Supplied data.
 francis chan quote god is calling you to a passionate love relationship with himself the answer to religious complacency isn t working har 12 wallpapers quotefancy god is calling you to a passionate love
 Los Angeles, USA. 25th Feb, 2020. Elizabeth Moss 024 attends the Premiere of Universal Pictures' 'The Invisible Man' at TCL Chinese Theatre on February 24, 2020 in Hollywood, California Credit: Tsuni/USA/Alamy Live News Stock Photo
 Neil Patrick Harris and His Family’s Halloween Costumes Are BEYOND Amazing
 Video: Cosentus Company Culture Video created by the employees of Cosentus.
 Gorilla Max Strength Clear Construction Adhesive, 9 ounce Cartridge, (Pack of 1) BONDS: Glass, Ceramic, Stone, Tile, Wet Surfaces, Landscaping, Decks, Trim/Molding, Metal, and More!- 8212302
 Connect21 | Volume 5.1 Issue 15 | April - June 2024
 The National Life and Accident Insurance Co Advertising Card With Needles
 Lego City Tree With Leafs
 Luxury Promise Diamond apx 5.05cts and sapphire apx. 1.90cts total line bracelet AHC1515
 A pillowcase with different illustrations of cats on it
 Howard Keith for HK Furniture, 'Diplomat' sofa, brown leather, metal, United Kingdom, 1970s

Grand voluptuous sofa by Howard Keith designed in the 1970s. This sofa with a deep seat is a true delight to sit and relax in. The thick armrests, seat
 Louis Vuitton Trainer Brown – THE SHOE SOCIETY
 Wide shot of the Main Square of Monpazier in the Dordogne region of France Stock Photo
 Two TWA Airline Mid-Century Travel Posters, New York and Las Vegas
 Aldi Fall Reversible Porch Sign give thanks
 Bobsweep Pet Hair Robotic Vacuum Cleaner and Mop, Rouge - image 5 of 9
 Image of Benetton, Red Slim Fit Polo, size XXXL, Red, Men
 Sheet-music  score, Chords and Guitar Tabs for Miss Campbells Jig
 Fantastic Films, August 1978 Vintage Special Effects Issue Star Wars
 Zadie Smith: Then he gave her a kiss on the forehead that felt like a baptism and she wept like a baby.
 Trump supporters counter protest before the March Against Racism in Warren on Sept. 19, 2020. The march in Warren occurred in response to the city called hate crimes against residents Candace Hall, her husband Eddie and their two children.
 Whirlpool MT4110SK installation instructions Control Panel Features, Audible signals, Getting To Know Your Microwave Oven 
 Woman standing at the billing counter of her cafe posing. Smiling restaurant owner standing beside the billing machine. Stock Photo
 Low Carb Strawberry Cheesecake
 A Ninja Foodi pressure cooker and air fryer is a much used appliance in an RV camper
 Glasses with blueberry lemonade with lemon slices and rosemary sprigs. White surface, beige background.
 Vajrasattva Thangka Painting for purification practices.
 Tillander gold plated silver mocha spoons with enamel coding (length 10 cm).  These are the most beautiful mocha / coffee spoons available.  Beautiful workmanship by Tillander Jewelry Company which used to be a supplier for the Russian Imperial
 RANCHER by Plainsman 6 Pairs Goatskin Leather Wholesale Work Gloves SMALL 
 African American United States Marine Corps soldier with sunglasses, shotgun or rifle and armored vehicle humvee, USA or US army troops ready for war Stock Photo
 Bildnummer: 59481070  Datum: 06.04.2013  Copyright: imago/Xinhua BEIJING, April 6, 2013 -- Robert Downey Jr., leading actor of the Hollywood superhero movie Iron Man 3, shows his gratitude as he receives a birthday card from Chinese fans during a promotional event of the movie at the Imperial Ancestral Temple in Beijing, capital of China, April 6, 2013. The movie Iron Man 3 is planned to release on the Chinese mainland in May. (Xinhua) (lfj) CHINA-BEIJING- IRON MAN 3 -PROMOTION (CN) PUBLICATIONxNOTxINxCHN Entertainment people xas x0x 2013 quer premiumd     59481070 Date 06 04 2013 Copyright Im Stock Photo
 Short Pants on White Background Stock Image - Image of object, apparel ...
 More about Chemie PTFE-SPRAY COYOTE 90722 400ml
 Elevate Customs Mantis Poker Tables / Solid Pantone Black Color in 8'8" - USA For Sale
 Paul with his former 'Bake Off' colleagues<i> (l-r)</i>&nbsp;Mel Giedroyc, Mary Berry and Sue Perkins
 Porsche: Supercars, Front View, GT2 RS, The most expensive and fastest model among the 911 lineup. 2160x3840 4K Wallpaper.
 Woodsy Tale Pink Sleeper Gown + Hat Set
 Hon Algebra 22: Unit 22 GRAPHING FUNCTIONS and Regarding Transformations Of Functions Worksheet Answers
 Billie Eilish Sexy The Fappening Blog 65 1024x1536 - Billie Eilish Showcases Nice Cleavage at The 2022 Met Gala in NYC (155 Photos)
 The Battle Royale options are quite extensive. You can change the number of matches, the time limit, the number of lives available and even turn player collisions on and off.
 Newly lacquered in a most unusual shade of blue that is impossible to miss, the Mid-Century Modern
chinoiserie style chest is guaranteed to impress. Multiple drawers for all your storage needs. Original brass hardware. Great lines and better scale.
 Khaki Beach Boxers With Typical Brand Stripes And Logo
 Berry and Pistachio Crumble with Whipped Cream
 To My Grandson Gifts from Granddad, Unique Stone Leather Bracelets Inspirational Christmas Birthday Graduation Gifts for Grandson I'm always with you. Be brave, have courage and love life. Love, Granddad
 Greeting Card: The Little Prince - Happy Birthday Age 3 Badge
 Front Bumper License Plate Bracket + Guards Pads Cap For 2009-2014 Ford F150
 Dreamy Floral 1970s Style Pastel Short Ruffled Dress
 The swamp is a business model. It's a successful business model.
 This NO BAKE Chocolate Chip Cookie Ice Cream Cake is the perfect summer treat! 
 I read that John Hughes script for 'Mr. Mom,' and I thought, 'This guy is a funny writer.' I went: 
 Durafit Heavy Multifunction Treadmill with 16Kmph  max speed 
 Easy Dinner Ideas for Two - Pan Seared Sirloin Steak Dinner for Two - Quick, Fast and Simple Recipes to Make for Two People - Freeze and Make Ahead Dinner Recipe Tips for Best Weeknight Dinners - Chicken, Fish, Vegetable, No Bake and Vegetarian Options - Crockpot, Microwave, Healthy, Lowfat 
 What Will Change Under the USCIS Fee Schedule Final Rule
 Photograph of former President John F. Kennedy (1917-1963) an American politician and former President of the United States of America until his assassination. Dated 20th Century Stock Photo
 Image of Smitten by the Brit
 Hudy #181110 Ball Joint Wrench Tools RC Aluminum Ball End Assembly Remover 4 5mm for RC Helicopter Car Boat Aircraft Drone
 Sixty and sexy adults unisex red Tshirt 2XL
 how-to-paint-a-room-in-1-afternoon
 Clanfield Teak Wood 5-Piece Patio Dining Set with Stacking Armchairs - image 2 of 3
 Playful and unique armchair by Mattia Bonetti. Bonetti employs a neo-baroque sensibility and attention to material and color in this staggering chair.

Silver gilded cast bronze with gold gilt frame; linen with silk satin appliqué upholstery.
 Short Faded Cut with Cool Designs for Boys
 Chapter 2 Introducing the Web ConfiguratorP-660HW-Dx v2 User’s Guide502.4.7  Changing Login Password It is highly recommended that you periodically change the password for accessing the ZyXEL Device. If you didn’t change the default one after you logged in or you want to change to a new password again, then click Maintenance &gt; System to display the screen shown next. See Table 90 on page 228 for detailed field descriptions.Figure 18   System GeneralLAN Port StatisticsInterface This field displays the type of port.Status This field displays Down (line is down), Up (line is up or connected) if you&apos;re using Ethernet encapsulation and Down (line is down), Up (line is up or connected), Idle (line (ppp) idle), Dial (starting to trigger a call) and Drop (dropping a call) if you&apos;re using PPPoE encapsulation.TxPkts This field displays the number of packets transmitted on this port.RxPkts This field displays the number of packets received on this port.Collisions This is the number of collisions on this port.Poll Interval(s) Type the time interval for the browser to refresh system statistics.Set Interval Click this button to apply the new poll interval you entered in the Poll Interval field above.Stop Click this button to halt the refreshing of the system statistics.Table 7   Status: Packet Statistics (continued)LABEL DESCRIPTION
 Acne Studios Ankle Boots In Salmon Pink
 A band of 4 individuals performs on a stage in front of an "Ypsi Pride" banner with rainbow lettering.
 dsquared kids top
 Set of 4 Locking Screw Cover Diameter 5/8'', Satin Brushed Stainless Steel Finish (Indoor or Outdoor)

To do. Lines above with "used": state how many, nothing more.

Solution to this task. 2